National water quality initiative offered in three Ohio watersheds

For the seventh consecutive year, the U.S. Department of Agriculture’s Natural Resources Conservation Service (NRCS) will offer an opportunity for agricultural producers in three Ohio watersheds to apply for assistance to install conservation practices that protect water quality through the National Water Quality Initiative (NWQI).

NRCS conservation professionals will provide one-on-one personalized advice to help farmers with approved applications to determine which conservation actions will provide the best results to address a broad range of natural resource concerns, including water quality. To help install these conservation practices, NRCS will provide financial assistance to approved applicants through the Environmental Quality Incentives Program (EQIP).

WatershedsConservation actions include practices that promote soil health, reduce erosion, and lessen nutrient runoff, such as cover crops, reduced tillage, and nutrient management; waste management systems that treat agricultural waste and livestock manure; and wetland restoration that increases wildlife habitat, mitigates flooding, and improves water quality. These practices not only benefit natural resources, but enhance agricultural productivity and profitability by improving soil health and optimizing the use of agricultural inputs.

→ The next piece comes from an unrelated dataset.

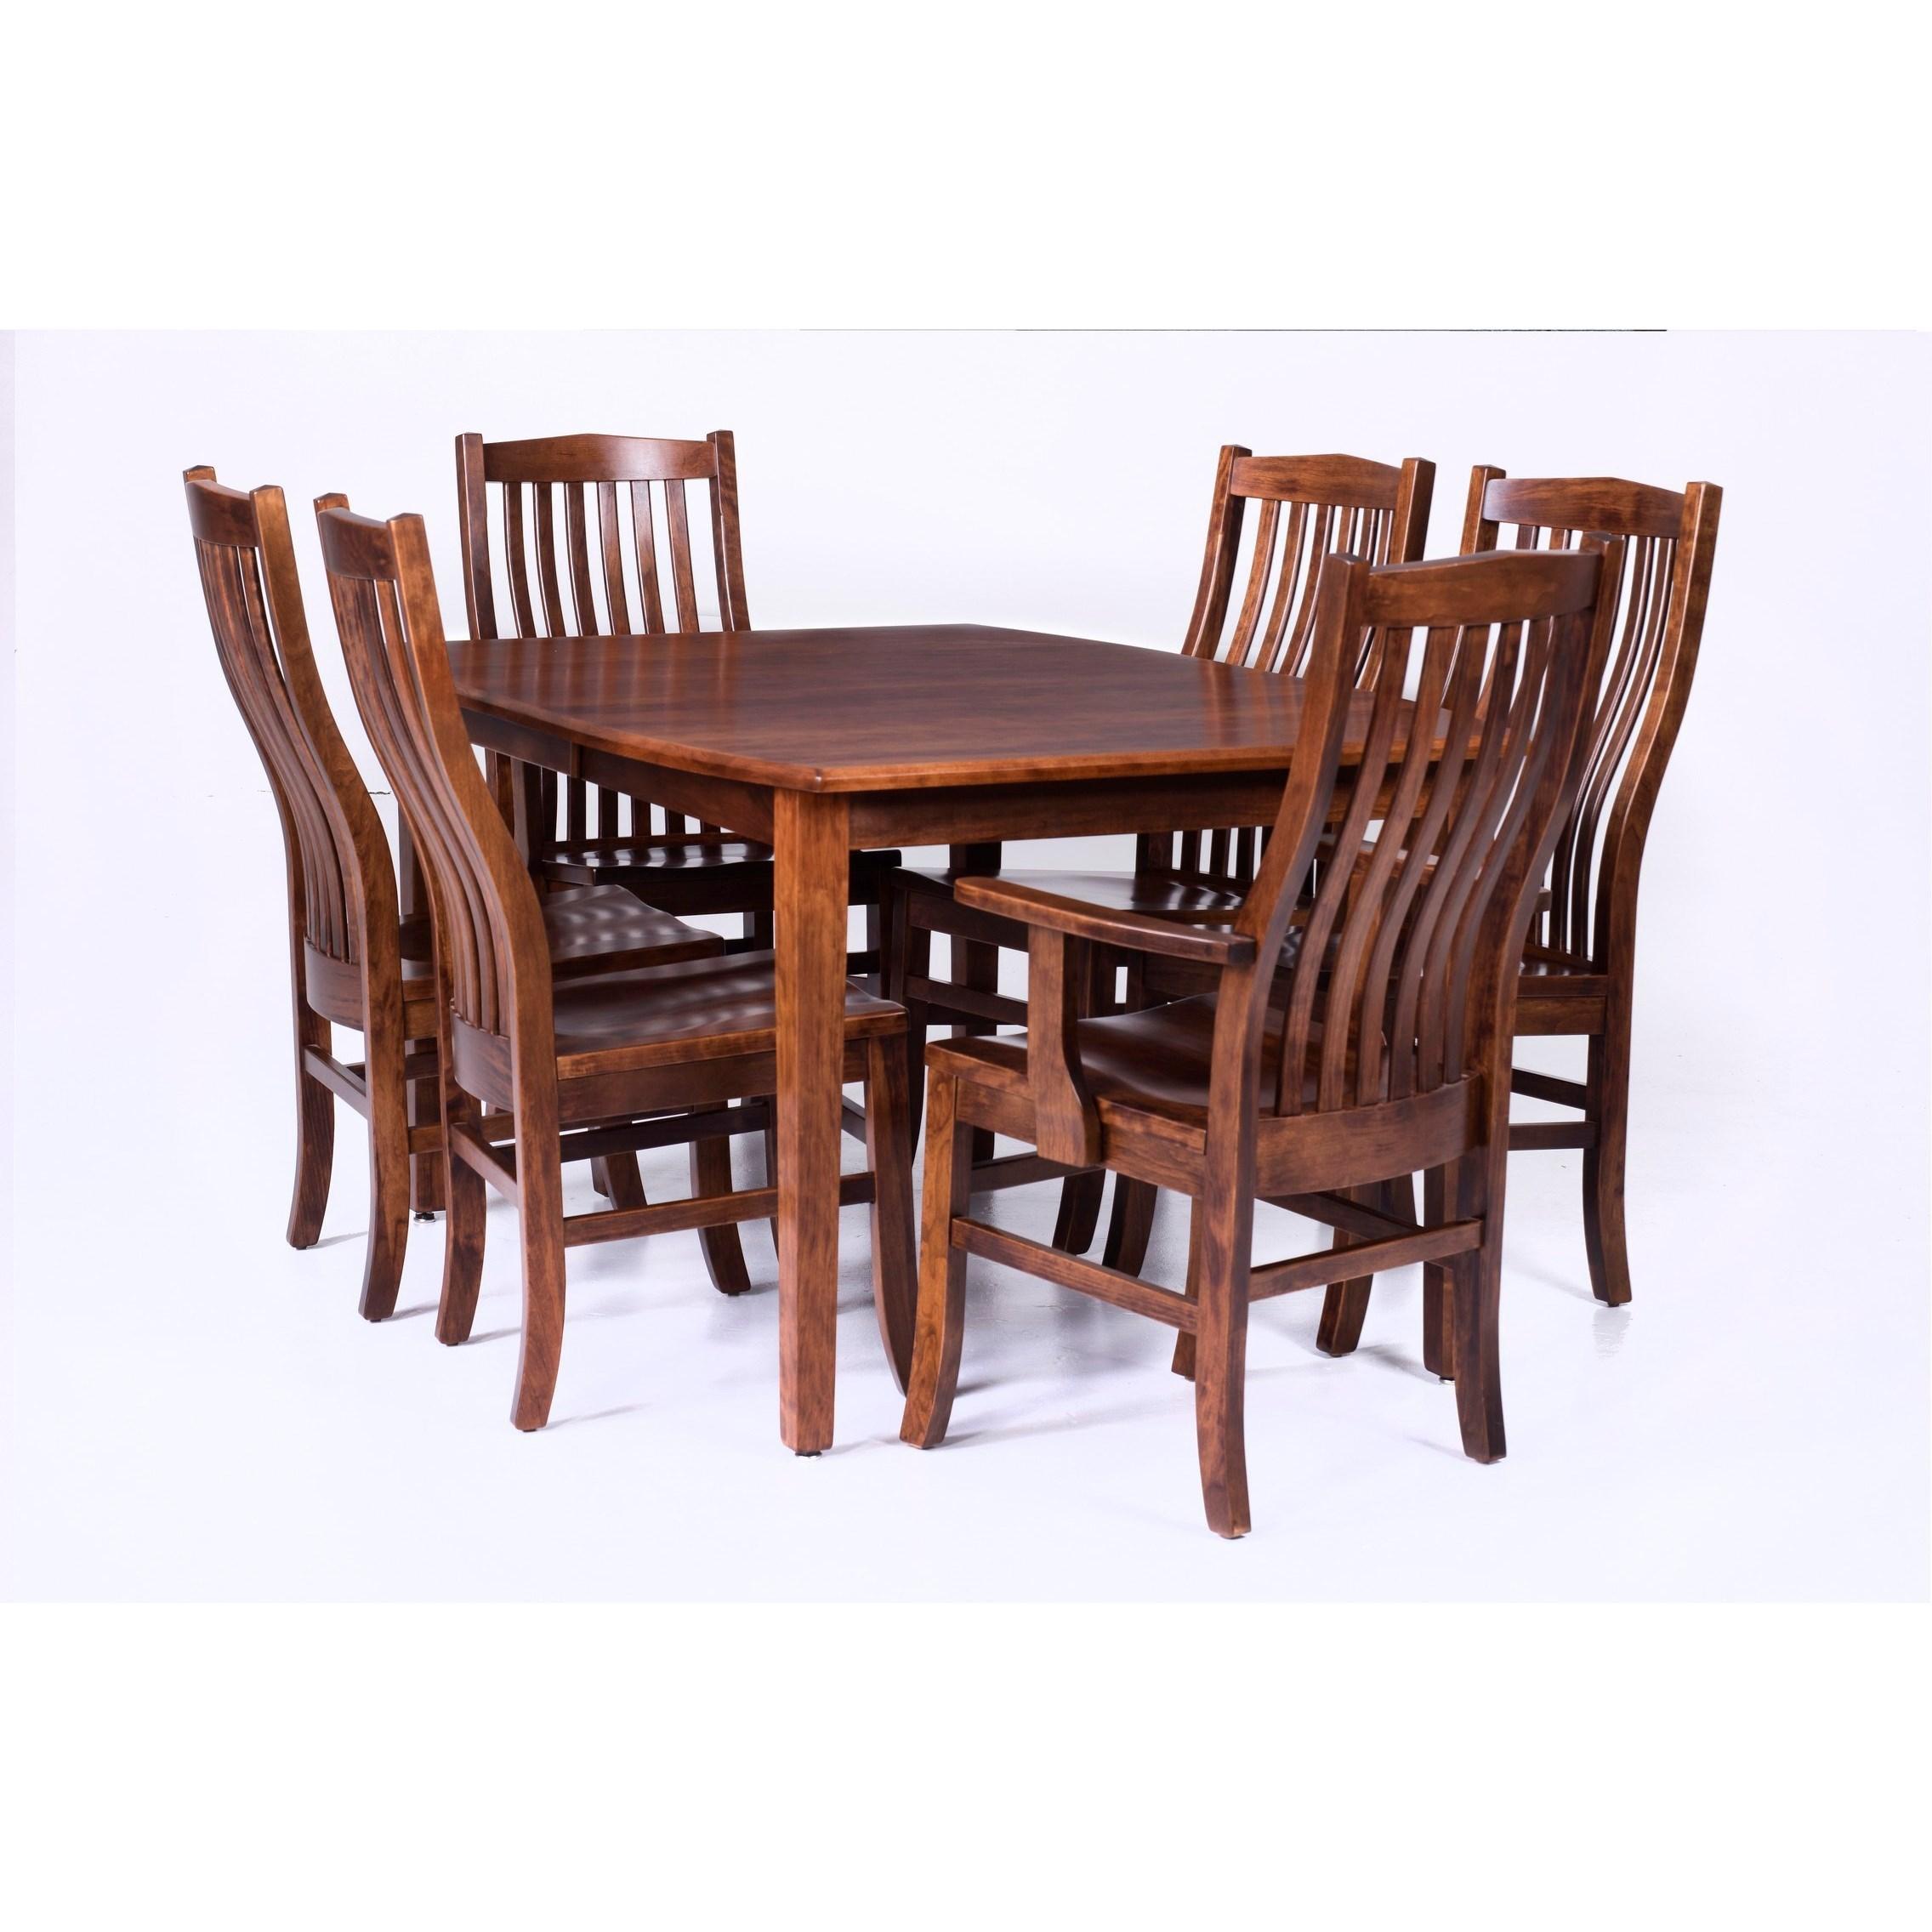 Customizable 7 Piece Table Set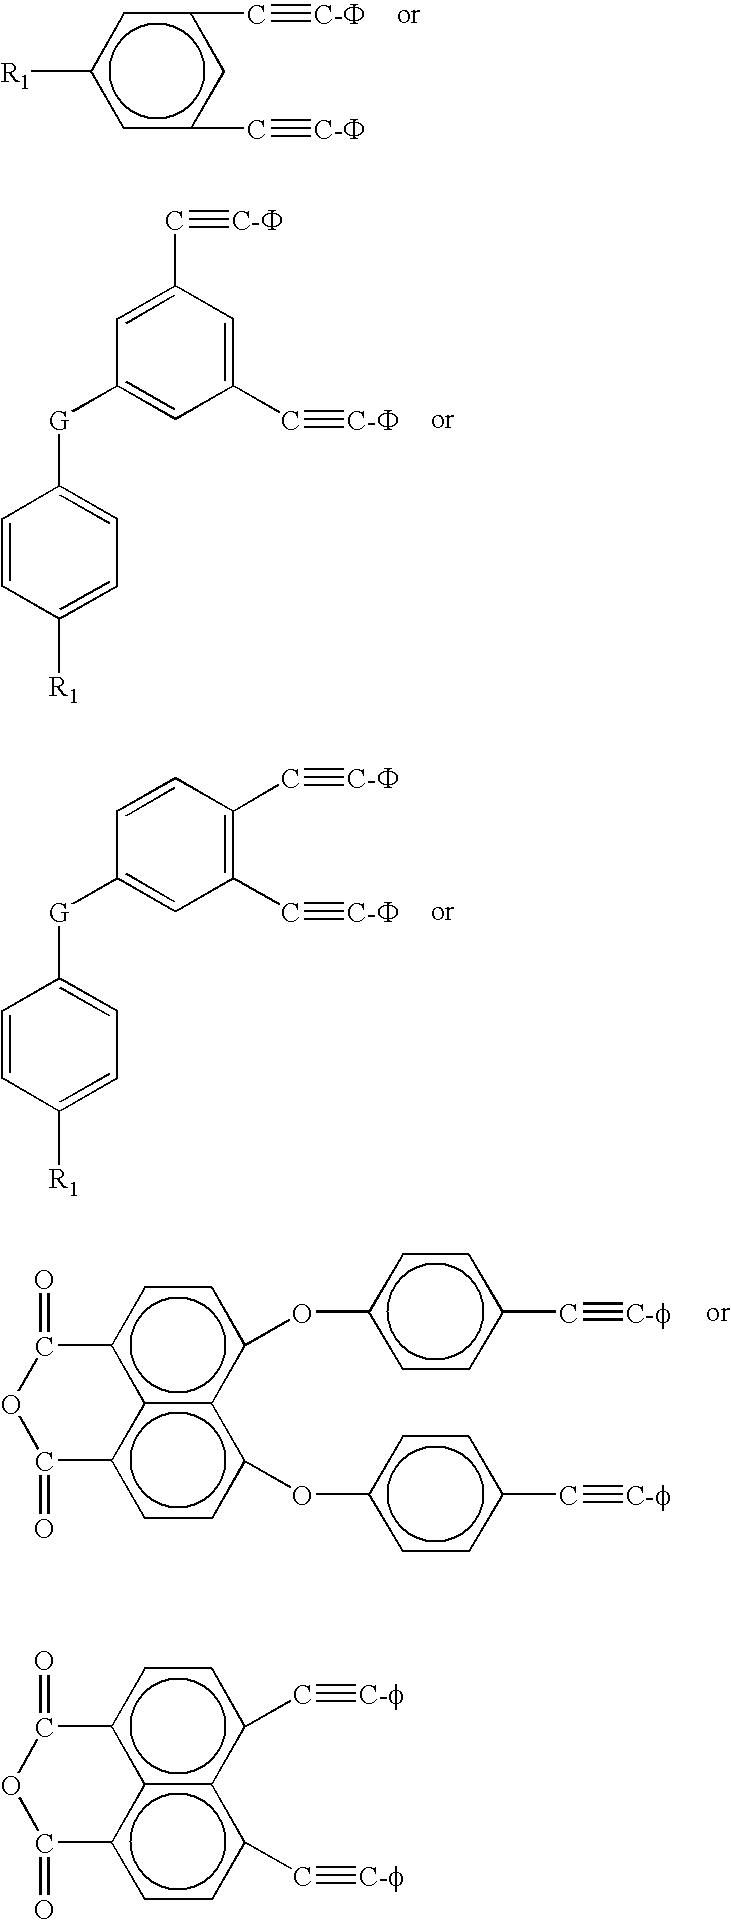 Figure US20100204412A1-20100812-C00043

“Watershed studies have shown that targeting conservation on vulnerable acres leads to greater water quality improvements,” said Terry Cosby, NRCS State Conservationist in Ohio. “This latest investment focuses on small watersheds where we have opportunities to work with partners and farmers to accelerate conservation efforts and deliver real results for communities downstream.”

NRCS works closely with conservation partners and State water quality agencies to select watersheds where on farm conservation can deliver the greatest benefits for clean water. Ohio has selected the following three watersheds where on-farm conservation investments have the best chance to address resource concerns and improve water quality.

• Brandywine Creek-Broken Sword Creek Watershed (Crawford County)

• Fivemile Creek-East Fork Little Miami River Watershed (Clermont and Brown Counties)

•  East Branch South Fork Sugar Creek Watershed (Tuscarawas and Holmes Counties)

The NWQI application deadline is February 16, 2018.